Multi-Task Learning with Group-Specific Feature Space Sharing

Niloofar Yousefi,Michael Georgiopoulos,Georgios C. Anagnostopoulos
DOI: https://doi.org/10.48550/arXiv.1508.03329
2015-08-14
Abstract:When faced with learning a set of inter-related tasks from a limited amount of usable data, learning each task independently may lead to poor generalization performance. Multi-Task Learning (MTL) exploits the latent relations between tasks and overcomes data scarcity limitations by co-learning all these tasks simultaneously to offer improved performance. We propose a novel Multi-Task Multiple Kernel Learning framework based on Support Vector Machines for binary classification tasks. By considering pair-wise task affinity in terms of similarity between a pair's respective feature spaces, the new framework, compared to other similar MTL approaches, offers a high degree of flexibility in determining how similar feature spaces should be, as well as which pairs of tasks should share a common feature space in order to benefit overall performance. The associated optimization problem is solved via a block coordinate descent, which employs a consensus-form Alternating Direction Method of Multipliers algorithm to optimize the Multiple Kernel Learning weights and, hence, to determine task affinities. Empirical evaluation on seven data sets exhibits a statistically significant improvement of our framework's results compared to the ones of several other Clustered Multi-Task Learning methods.
Machine Learning
What problem does this paper attempt to address?

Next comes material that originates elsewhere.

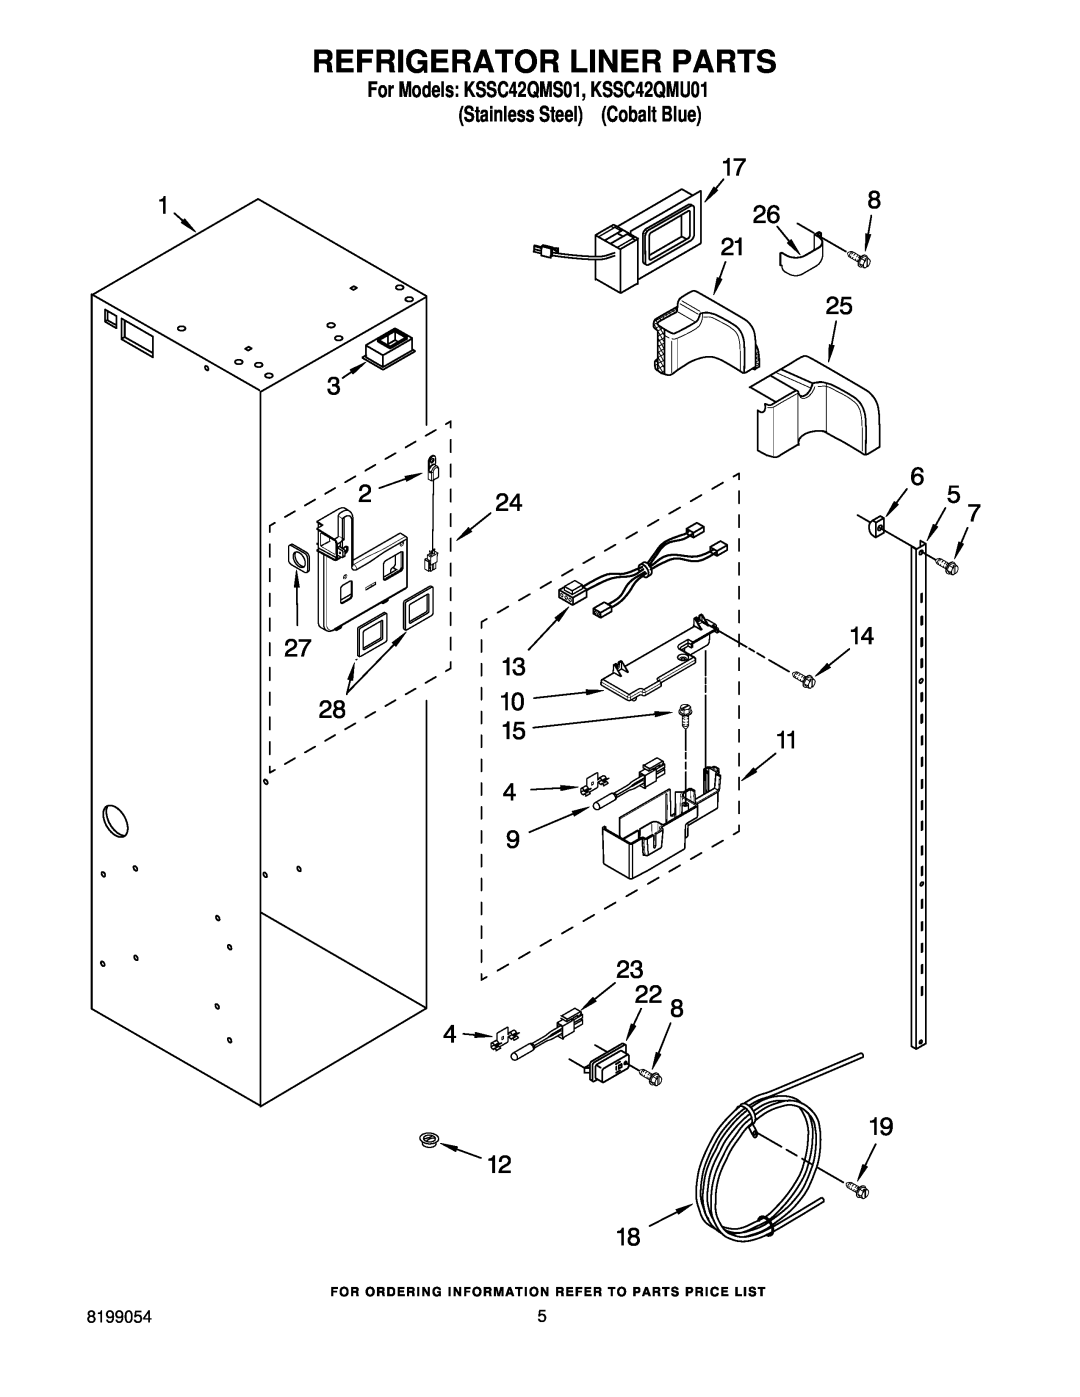 KitchenAid manual Refrigerator Liner Parts, For Models KSSC42QMS01, KSSC42QMU01 Stainless Steel Cobalt Blue 
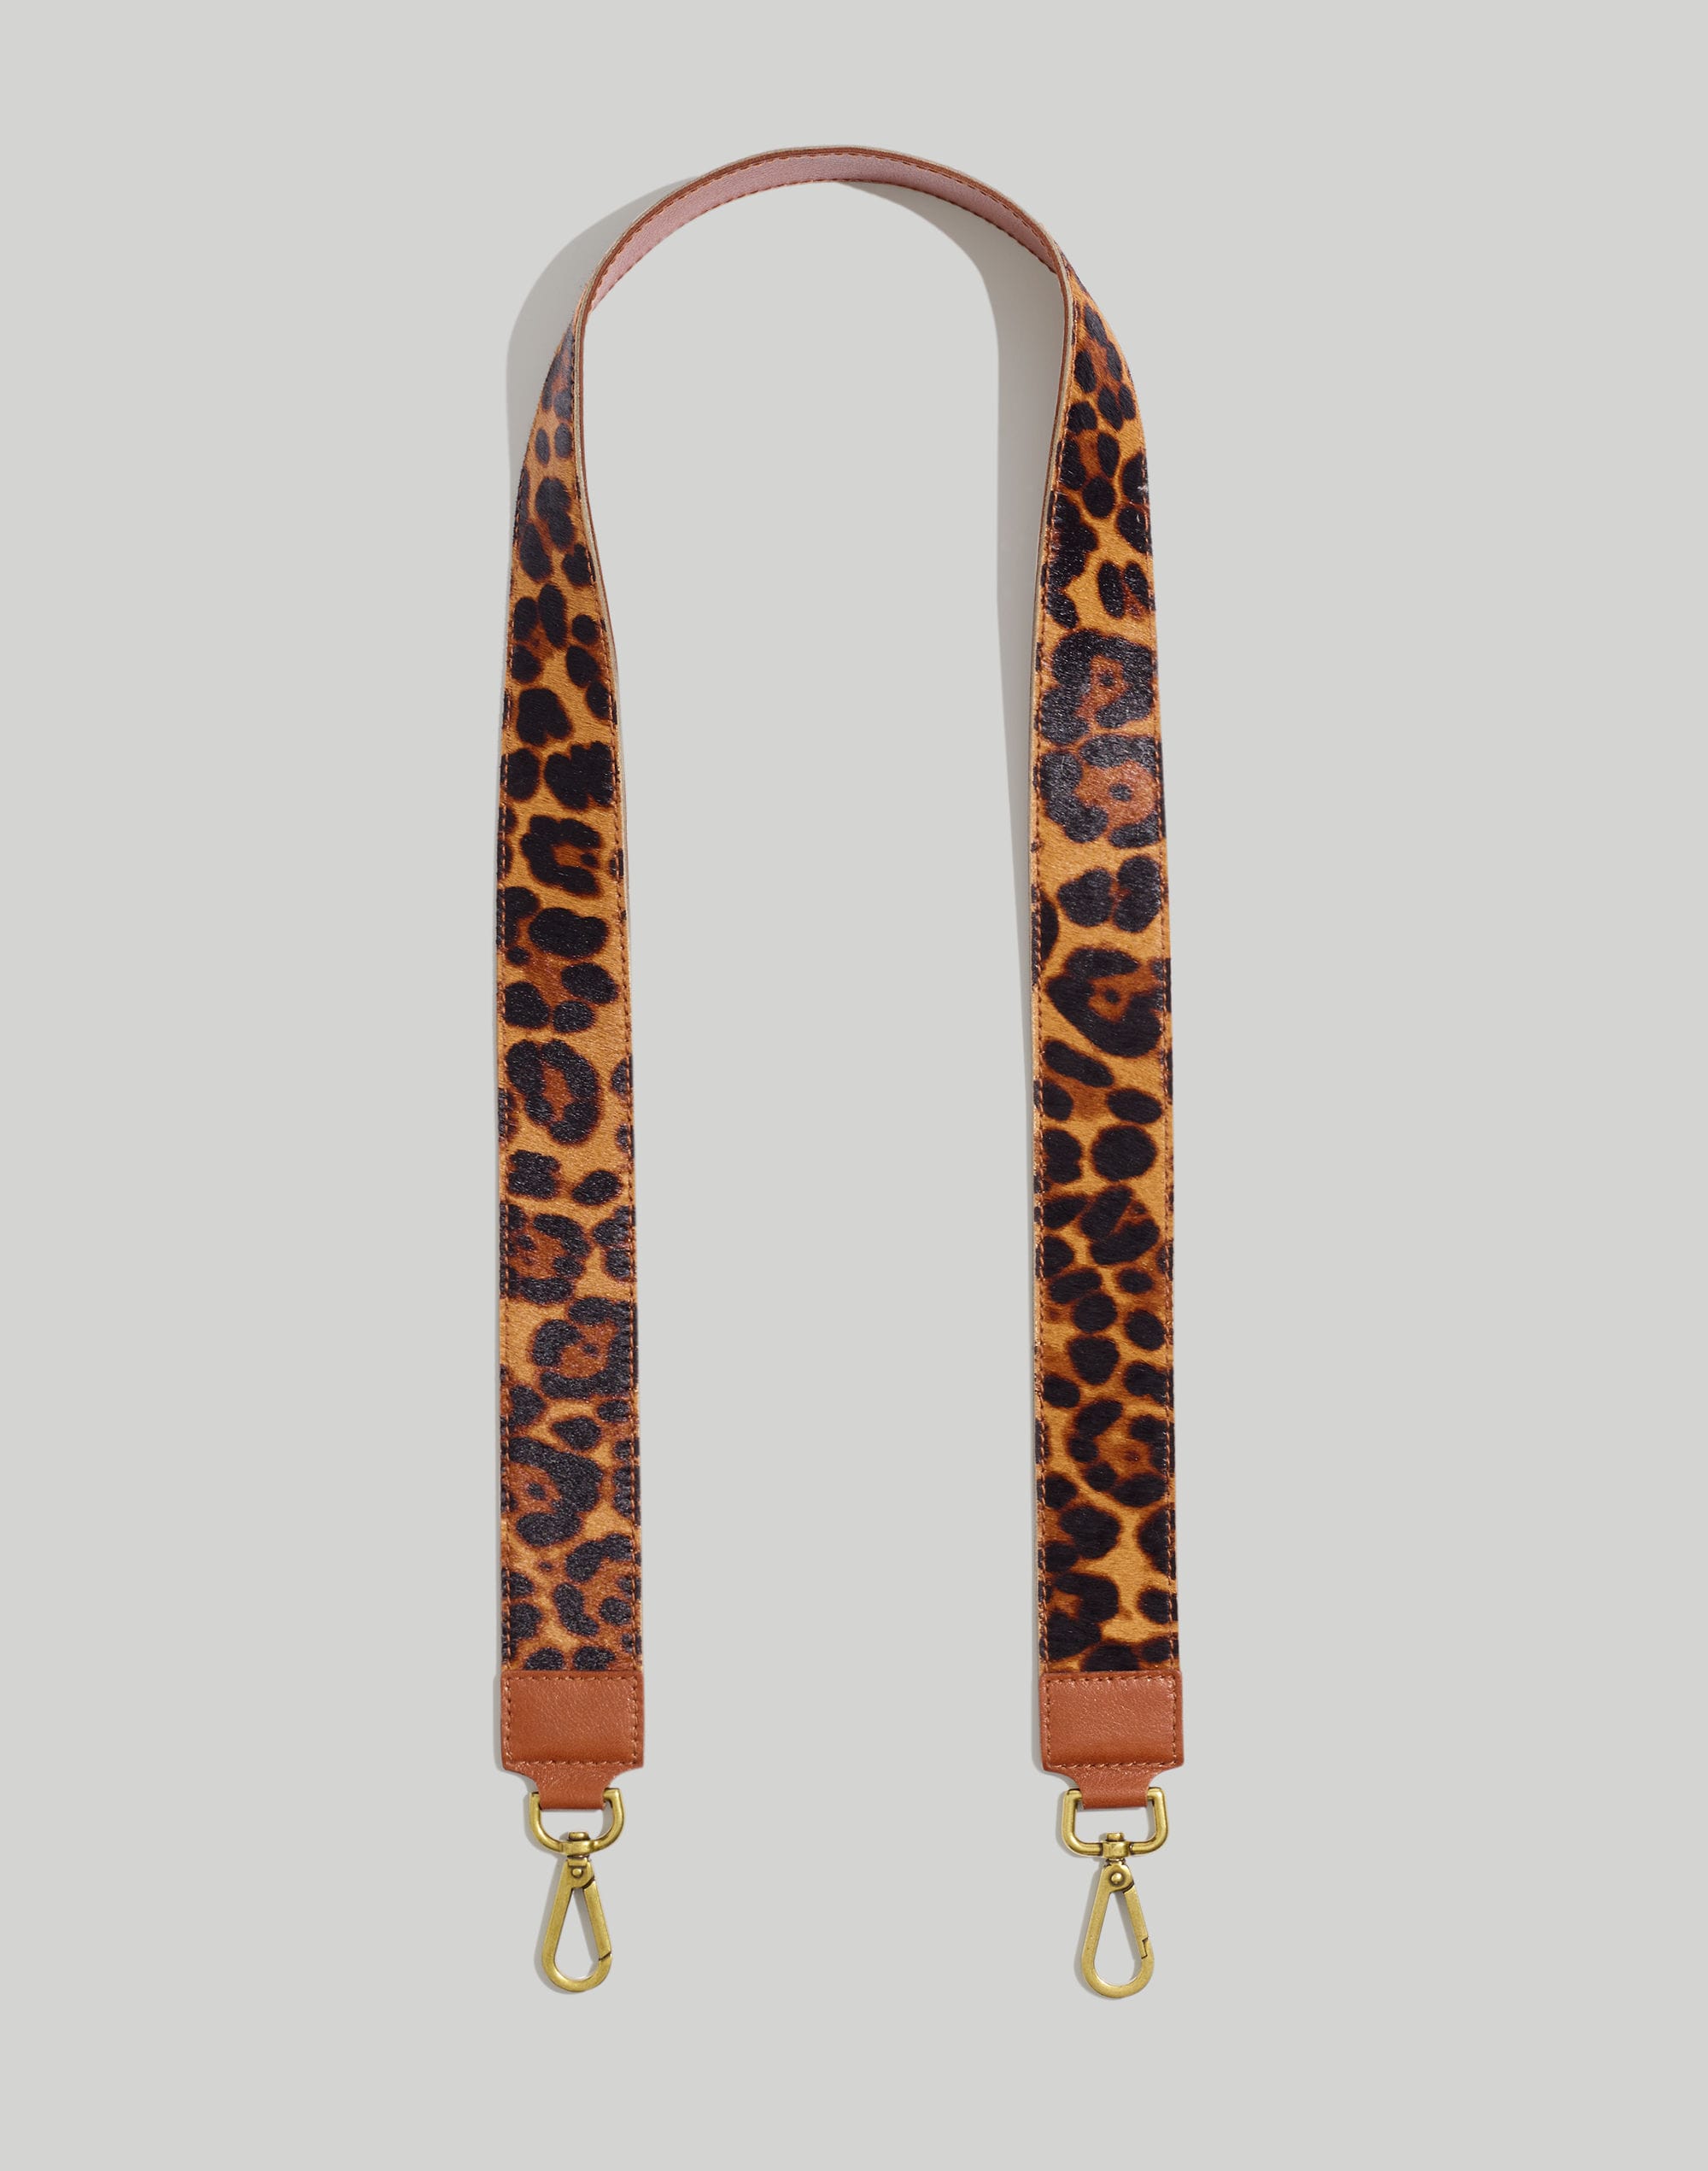 The Crossbody Bag Strap: Leopard Calf Hair Edition

The problem that this paper attempts to solve is: in multi - task learning (MTL), how to effectively use a limited amount of data to improve the generalization performance of multiple related tasks. Specifically, the author points out that traditional MTL methods assume that all tasks have similar correlations and can share information equally, which may lead to "negative transfer" in practical applications, that is, information sharing between unrelated tasks will instead reduce the generalization performance. To solve this problem, the author proposes a new multi - task multiple kernel learning framework (MT - MKL), which is based on support vector machines (SVMs) for binary classification tasks. By considering the pair - wise task affinity, that is, the similarity of the feature spaces of task pairs, this framework can flexibly determine which task pairs should share a common feature space, thereby improving the overall performance. ### Main contributions 1. **Flexibility**: Compared with traditional methods, this framework allows the feature spaces between task pairs to be either similar or different, providing greater flexibility. 2. **Optimization method**: Use the block coordinate descent method combined with the alternating direction method of multipliers (ADMM) in the consensus form to optimize the MKL weights, thereby determining the task affinity. 3. **Experimental verification**: Experiments on seven datasets have proven that this framework has a significant performance improvement compared with other clustered multi - task learning (CMTL) methods. ### Mathematical formula representation - The affinity between task pairs is measured by the feature space similarity, and the formula is as follows: \[ \|\theta_t - \theta_s\|^2 \] where $\theta_t$ and $\theta_s$ represent the feature space weight vectors of task $t$ and task $s$ respectively. - Regularized risk minimization problem: \[ \min_{w \in \Omega(w), \theta \in \Omega(\theta), b} \sum_{t = 1}^T \|w_t\|_2^2 + C \sum_{t = 1}^T \sum_{i = 1}^n [1 - y_i^t f_t(x_i^t)]_+ + \lambda \sum_{t = 1}^{T - 1} \sum_{s > t} \|\theta_t - \theta_s\|^2 \] where $[u]_+=\max(u, 0)$ represents the hinge loss function, and $C$ and $\lambda$ are non - negative regularization parameters. Through this method, the new framework proposed in the paper can handle the relationships between tasks more flexibly in multi - task learning, thereby improving the generalization performance.